Фарид Нагим - TANGER
Ночью была ноющая боль, и я до шести утра просидел на унитазе — так становилось чуть легче. Утром пришел врач и спросил о самочувствии. Я сказал, что все нормально, и увидел, как легко ему стало.
С этого больничного таксофона позвонил Ксении.
— Да, Анвар! Хорошо, что ты позвонил! Я очень зла на тебя! Зачем ты сказал Гарнику, что я звонила тебе, чтобы мы с Женькой все вместе пошли в цирк?! Я не общаюсь с ним и не хочу… и знаю, что ты с ним общаешься. Не нужно больше мне звонить, у нас болен дедушка. Твои коробки где-то у Гарника, где он там снимает квартиру с этой бабой, спроси у него.
— О-о, кал калай, агатай?
— Гарник, зачем ты ей сказал про цирк?
Чувствовалось, что он сидит за компьютером.
— Прикинь, агатай. Ксения с Артюшей. Мне даже легче стало. Он ее жалостью взял. Он ей звонил и плакался, что он импотент. Я хуею с этих москвичей… Но если у Ксении с Артюшей что-то было, когда мы еще были женаты…
У меня сжалось сердце о Няне.
— А ты еще не женился? Жениться тебе надо, агатай.
— Женщина нужна для взрослой жизни, а не просто как пиздалгин, Гарник.
— А ты сдрочи.

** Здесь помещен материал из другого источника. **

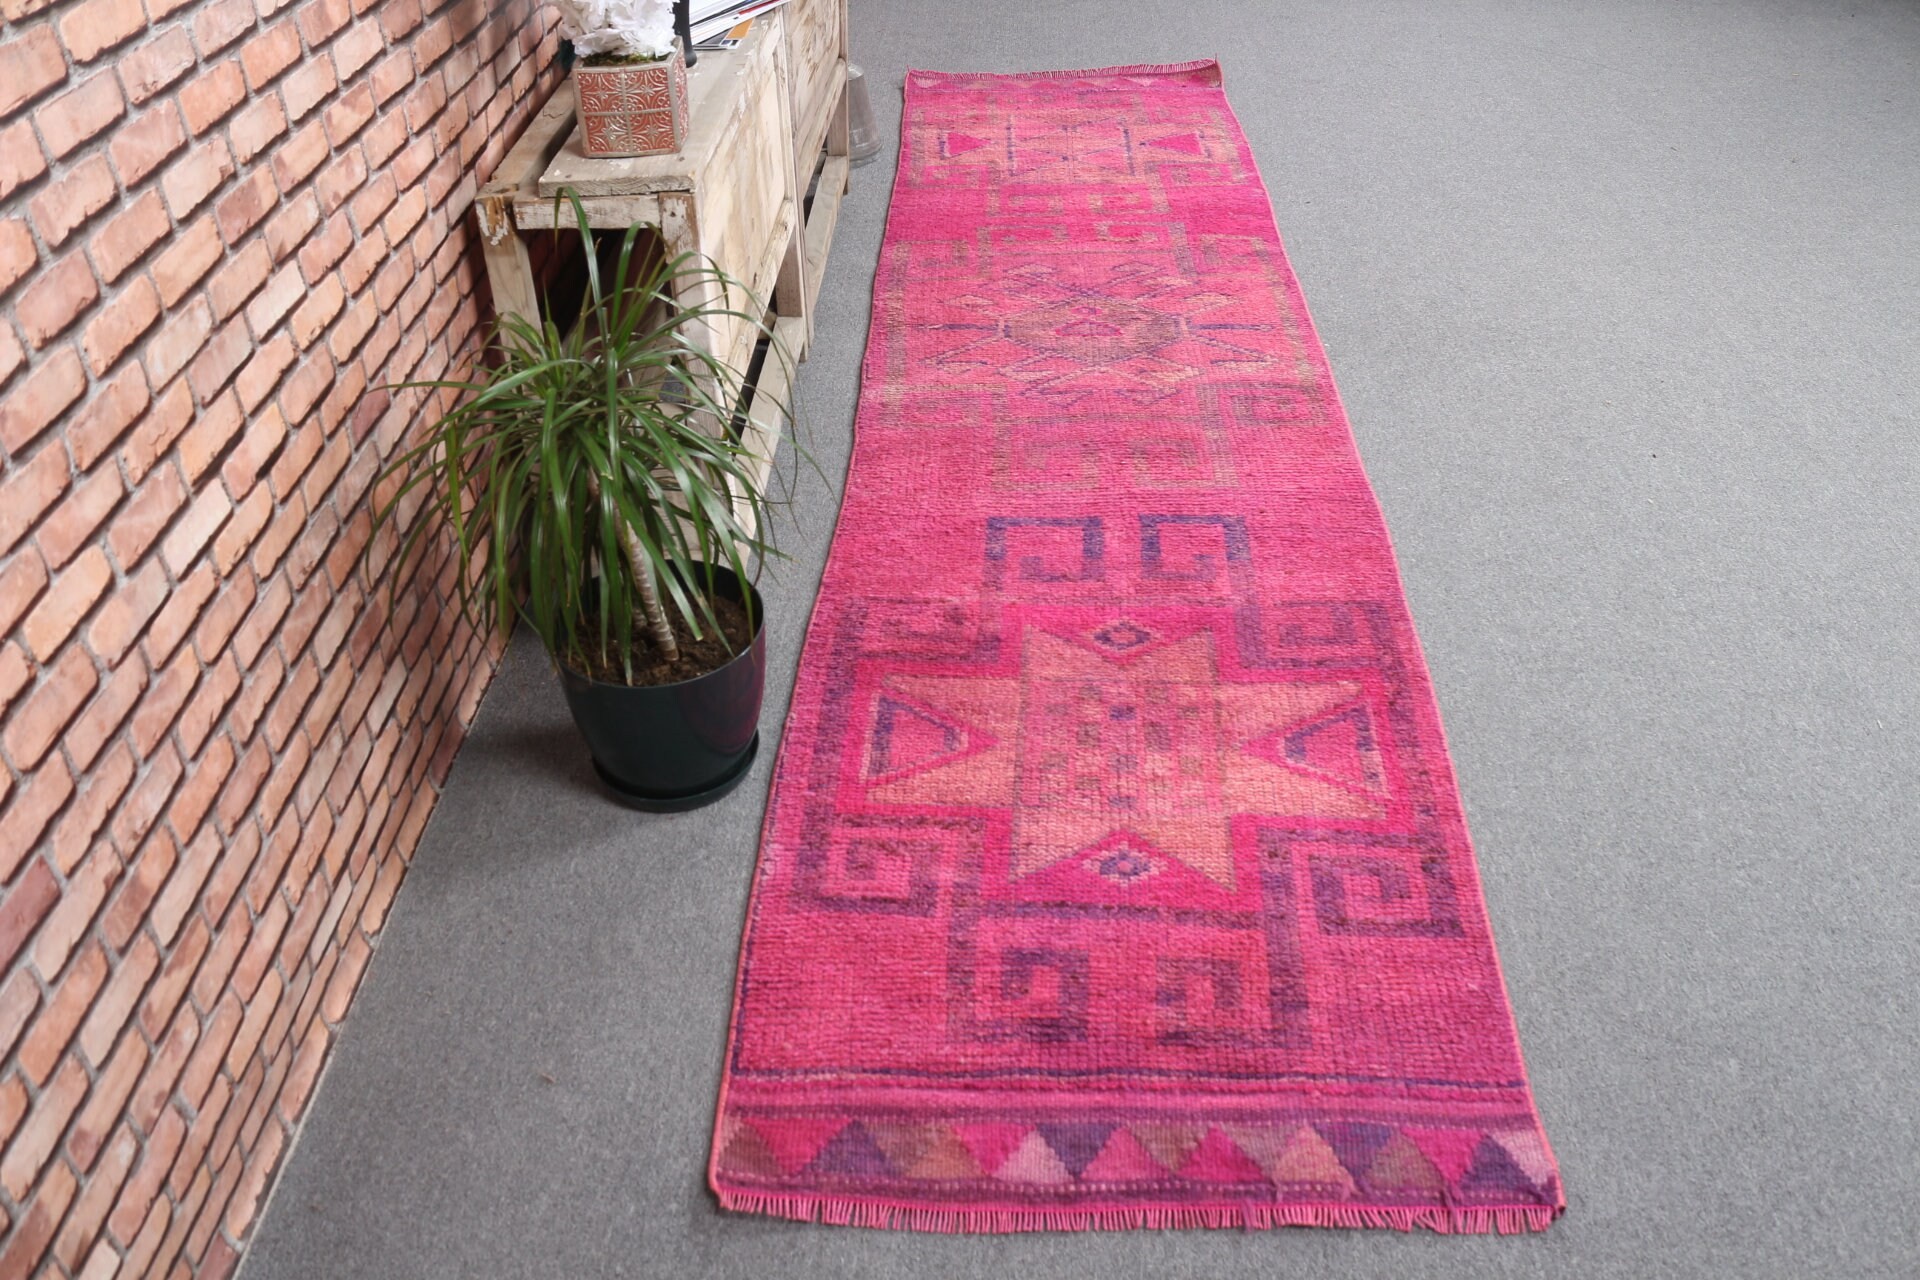 Corridor Rugs, Vintage Rug, 2.6x10.8 ft Runner Rug, Rugs for Kitchen, Stair Rug, Turkish Rugs, Floor Rug, Pink Anatolian Rug

Меня это спасало… A-а, слушай, тут Финецкий звонил, говорит, что видел в ЦДЛ Суходолова с молодым казахом, говорит, мол, чем-то на Анвара похож, только он поэт.

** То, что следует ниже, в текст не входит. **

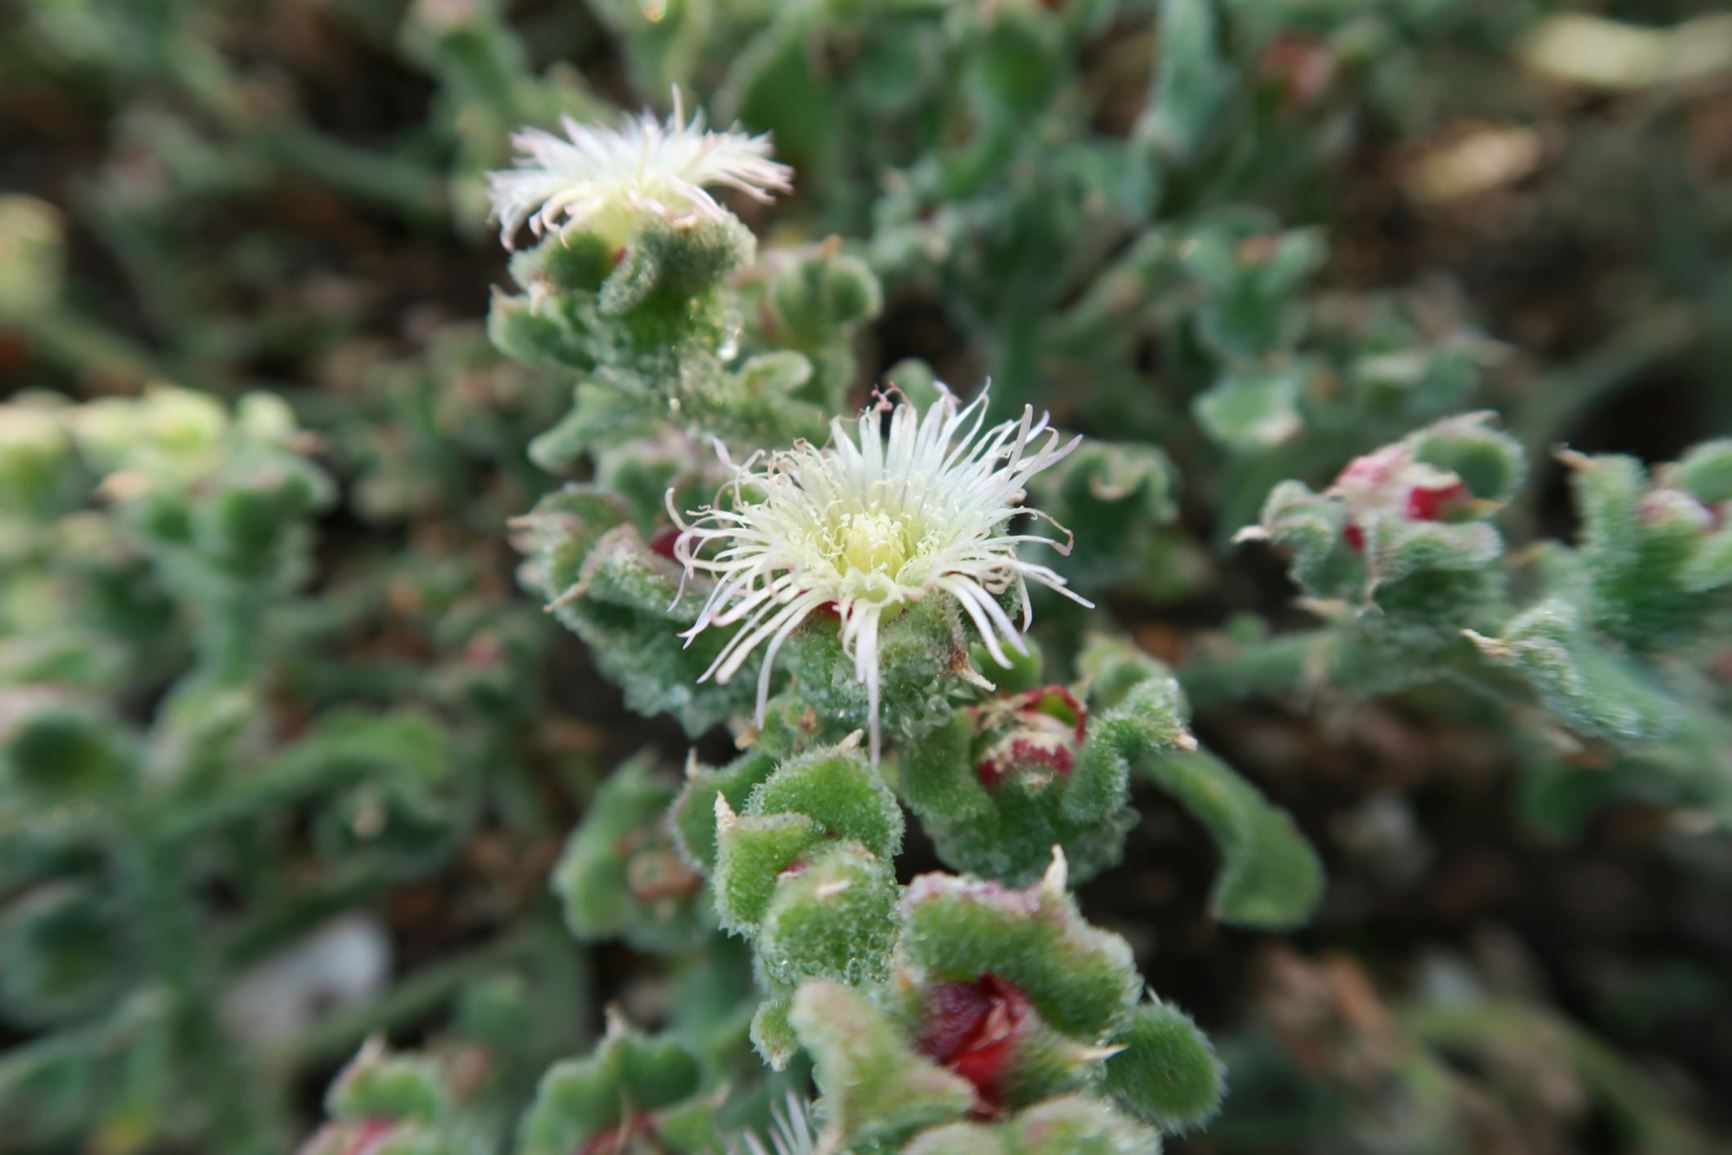 Mesembryanthemum crystallinum - Eiskraut, ice plant

— A-а… прекра-асно, прека-асно…
— Прекра-асно, прекра-асно, — передразнивал он.
— А мои коробки у тебя?
— Они где-то у Ксении, агатай, она же с ними… Кусошничать? Да, Танюха, сейчас, — крикнул он в сторону. — Я иду кусошничать.
— Да, хорошо, я же не люблю, когда едят по телефону.
— А ты откуда звонишь?
— С таксофона.
— Ладно, агатай, звони, не пропадай.
Он с новой своей девушкой говорил на языке Ксении: «Давай кусошничать» — говорили они друг другу когда-то, прекра-асно…
— Пока, — положил трубку и присел на ступени.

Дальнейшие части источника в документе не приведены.